----- Given information -----
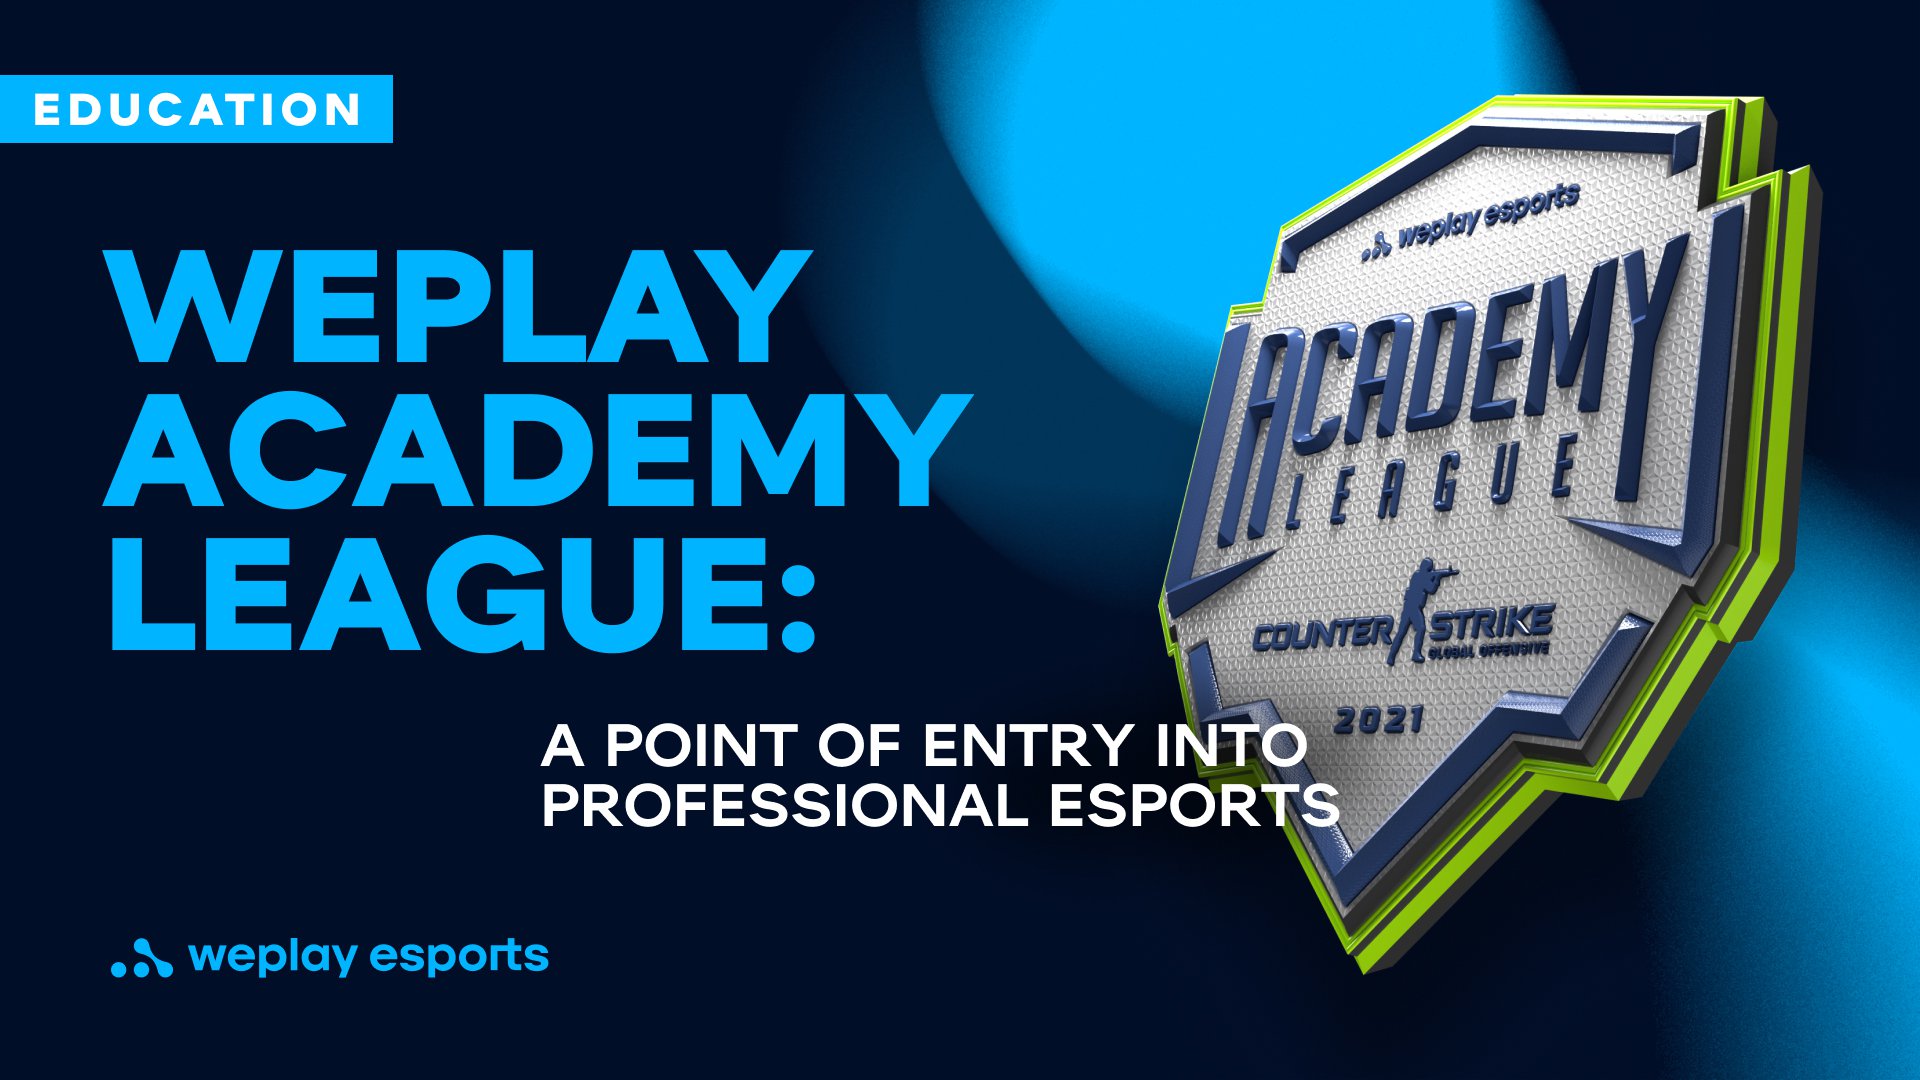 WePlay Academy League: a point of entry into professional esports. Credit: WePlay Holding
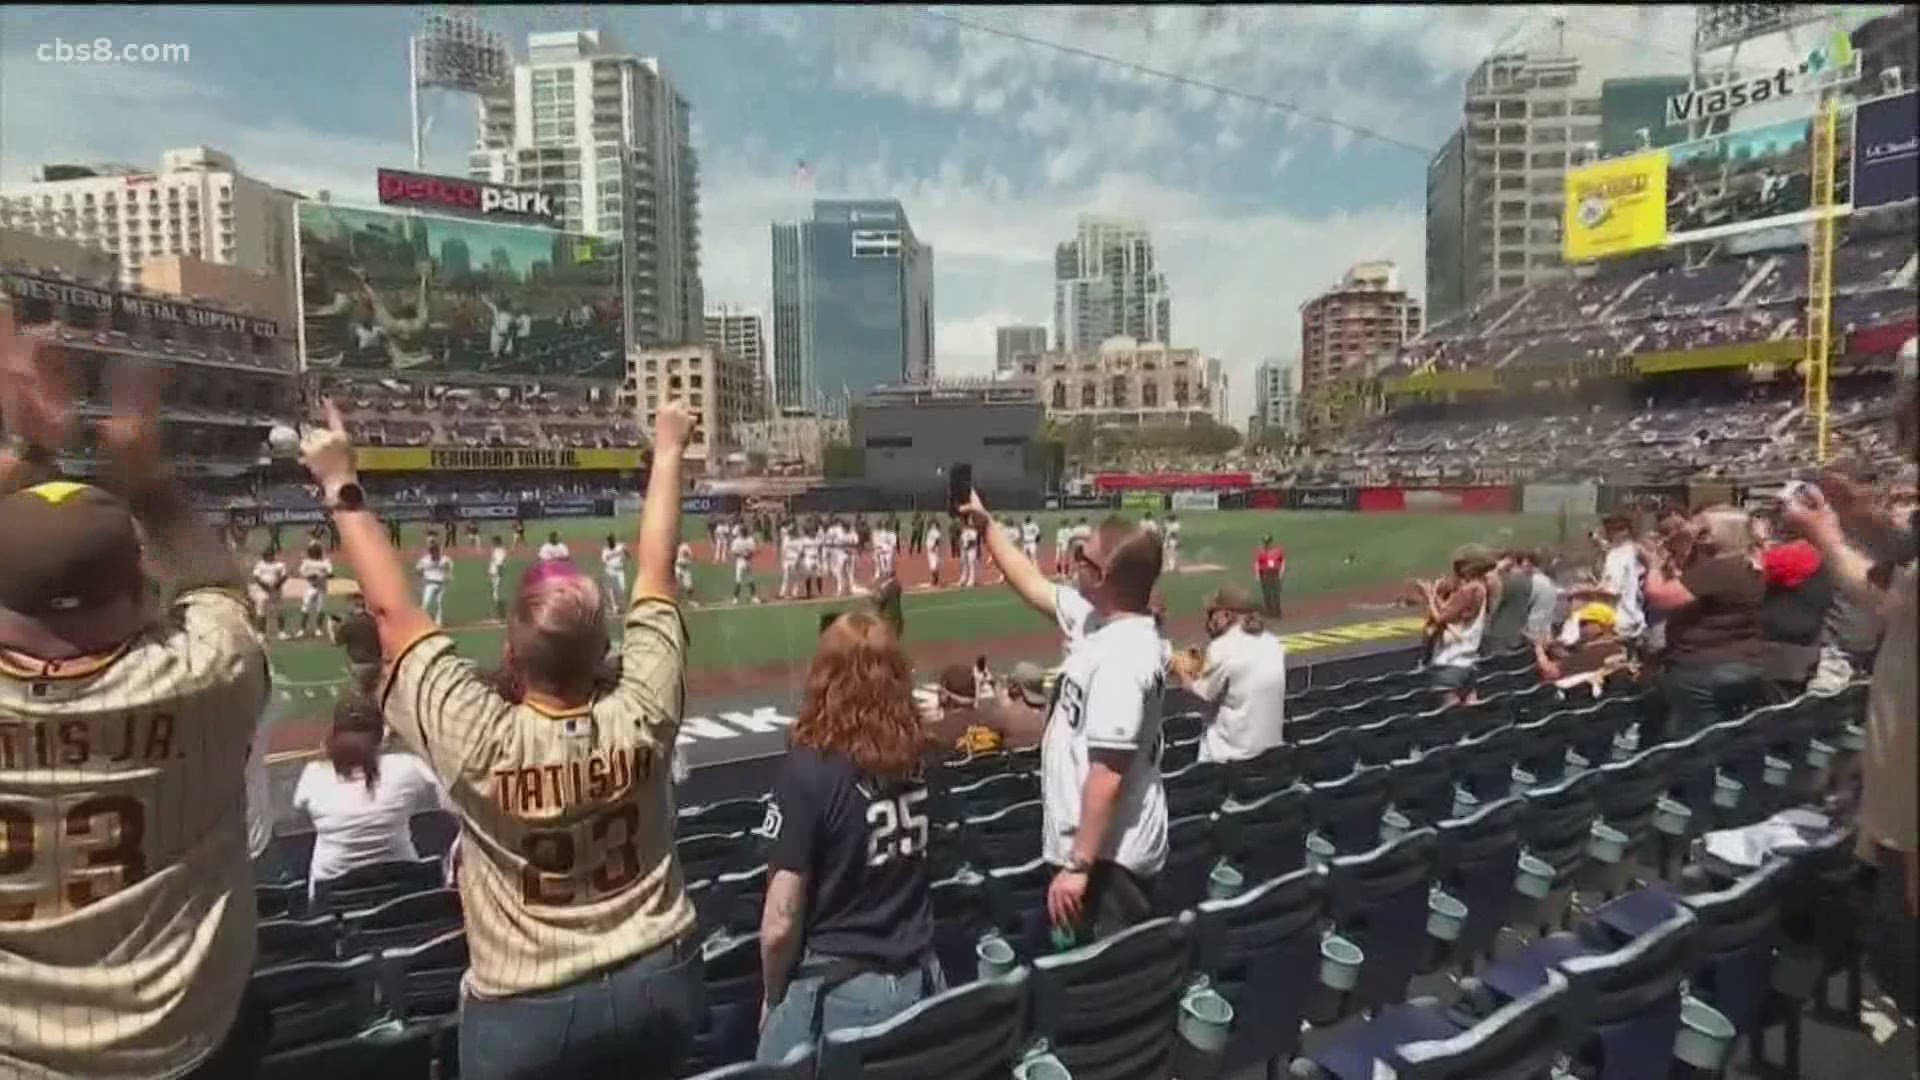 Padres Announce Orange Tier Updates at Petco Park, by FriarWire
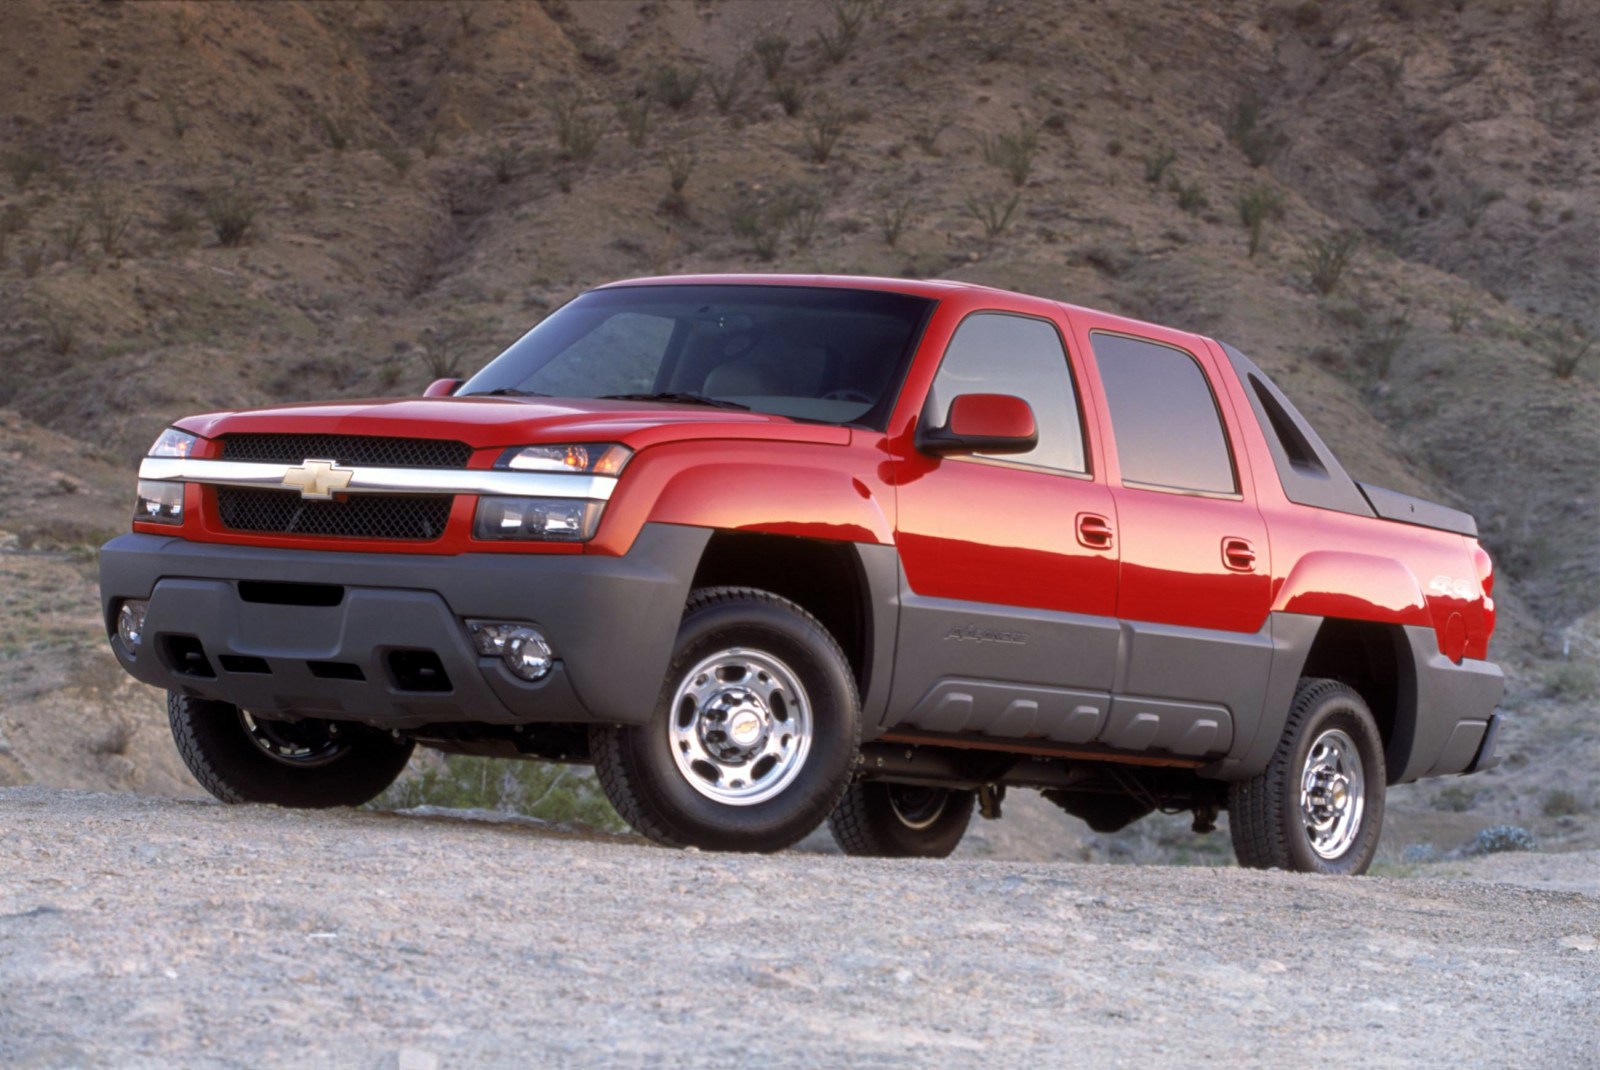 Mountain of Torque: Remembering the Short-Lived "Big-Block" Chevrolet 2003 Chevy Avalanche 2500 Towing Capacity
-----
- [Work instructions]
Reproduce exactly and only the lines from the line that contains "Padres Announce Orange" to the end of the data above, both ends included. No pictures go in the copy.

- [Exercise solution]
 Padres Announce Orange Tier Updates at Petco Park, by FriarWire
 Mountain of Torque: Remembering the Short-Lived "Big-Block" Chevrolet 2003 Chevy Avalanche 2500 Towing Capacity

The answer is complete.